Despite presenting themselves as a more progressive alternative to the BC Liberals, the NDP is only nominally different, in practice proving to be even more brutal than the government before them. Their social democratic veneer and partisan brand-loyalty may earn them amnesty from unions and progressives, but their vicious attack on Indigenous and homeless people in Saanich deserves condemnation from the entire left—including the so-called “housing justice” civic parties in Vancouver and Victoria that have remained completely silent throughout these municipal and provincial assaults on homeless people.
Attorney General David Eby, a former homeless advocate who traded his experience and reputation as a social justice activist for a career in politics, Housing Minister Selena Robinson, and the entire BC NDP-Green government have decided to crush homeless people’s power with raw police force. The founding of Camp Namegans tent city in Saanich and Discontent City in Nanaimo this summer demonstrated that homeless people in this Province are fed up with government neglect and prepared to organize themselves in order to both survive and politicize their struggles. In response, the NDP’s complacent failure to decisively end homelessness has ripened into outright punitive repression, designed to smash the will of Indigenous and working class people to form collective power to push for what they need.
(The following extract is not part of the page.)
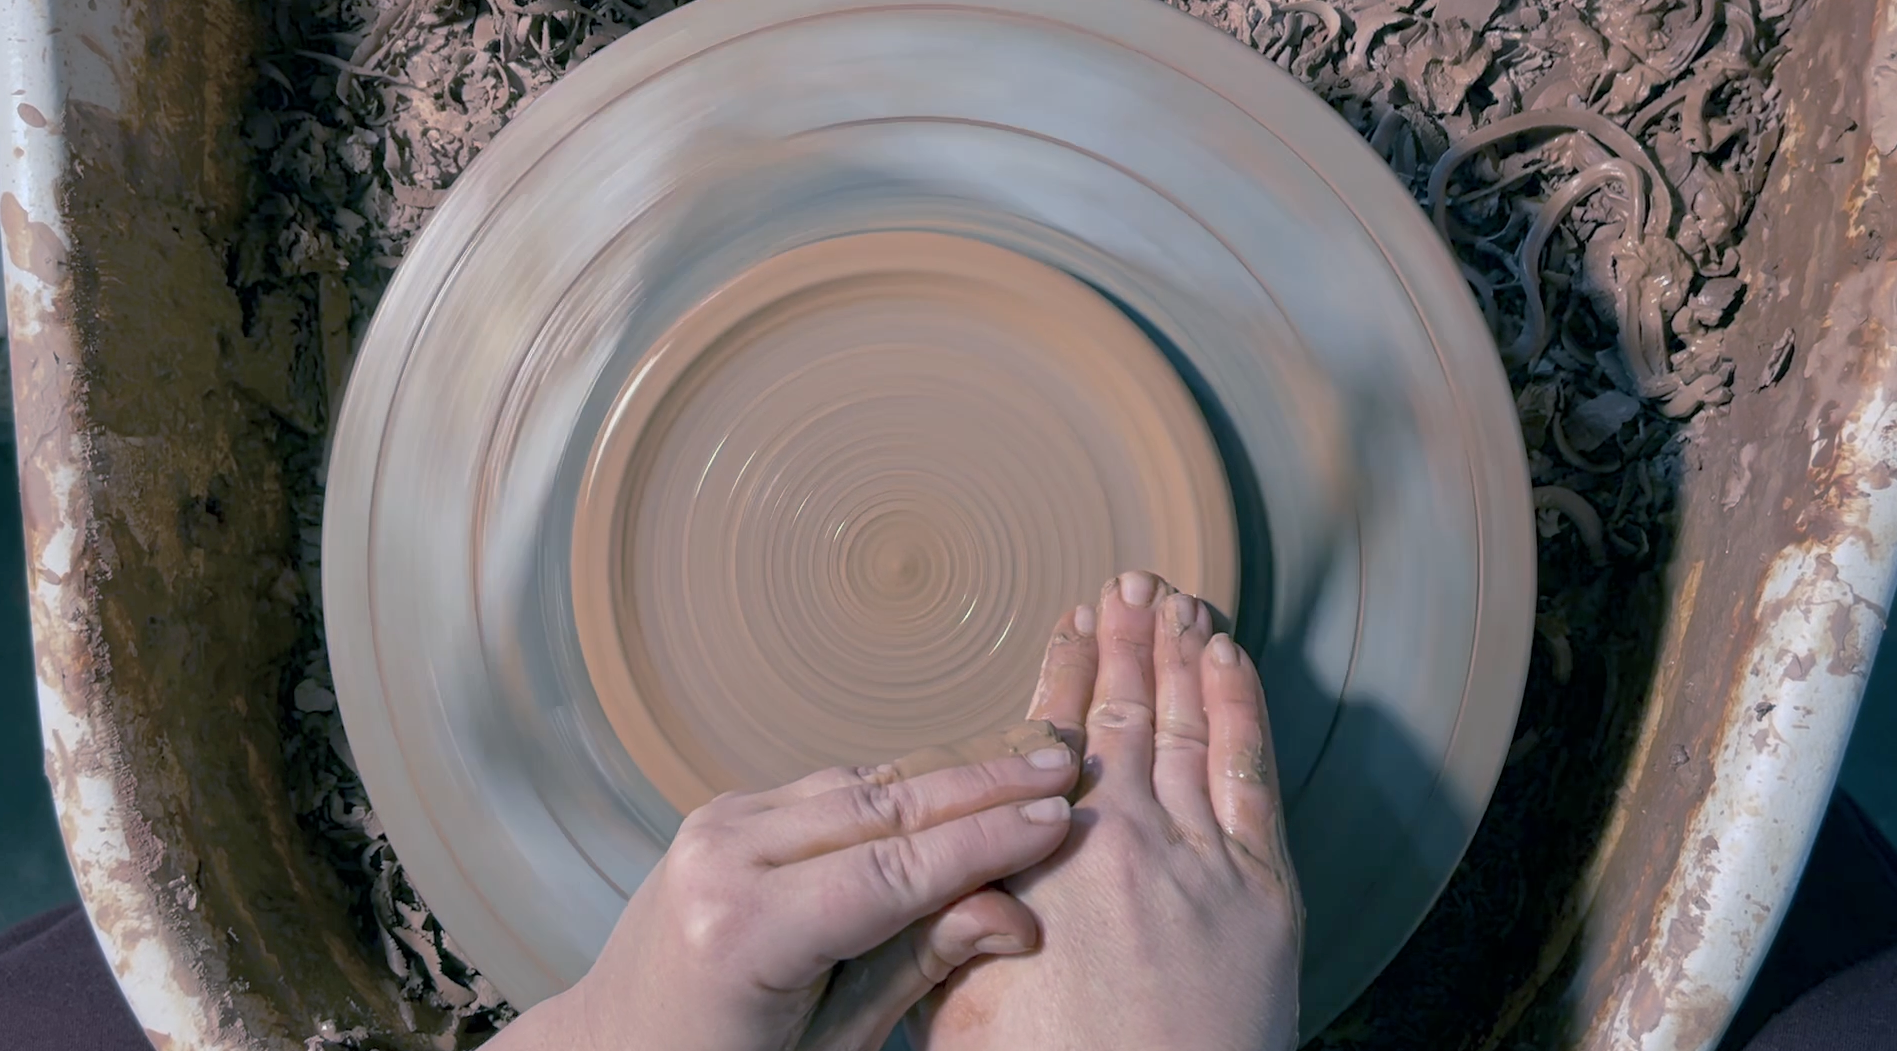 Load video: Video of a handmade ceramic vessel being made on a pottery throwing wheel. We see a lay-down angle of female hands shaping dark red, moist clay while it spins hypnotically on the wheel head making perfect spirals.

The struggle between the Namegans homeless and the Province of BC is not done. On Thursday September 20th, as police gathered to evict the Goldstream campground, the Province agreed to a concession that allows the Namegans homeless some breathing room: Namegans can stay in the campground under the same terms as anyone else and BC Housing will provide tents for some shelter from the forecasted storms. The District of Saanich also gave way somewhat and offered a parcel of land for the supportive modular housing that they previously had refused. This housing, like the additional shelter beds that the Province says will open October 1st and all housing and shelters opened by the BC NDP government, would be operated under the institutional, isolating, and humiliating policies of so-called supportive housing that was piloted by the former BC Liberal government. If not for the resistance led by the Namegans homeless and supported by hundreds of others who protested at and occupied BC Housing offices in Nanaimo and Coquitlam, and tweeted and called NDP officials, the outcome would have been different and the homeless would have received only police batons. This coordinated, determined resistance marks the way forward.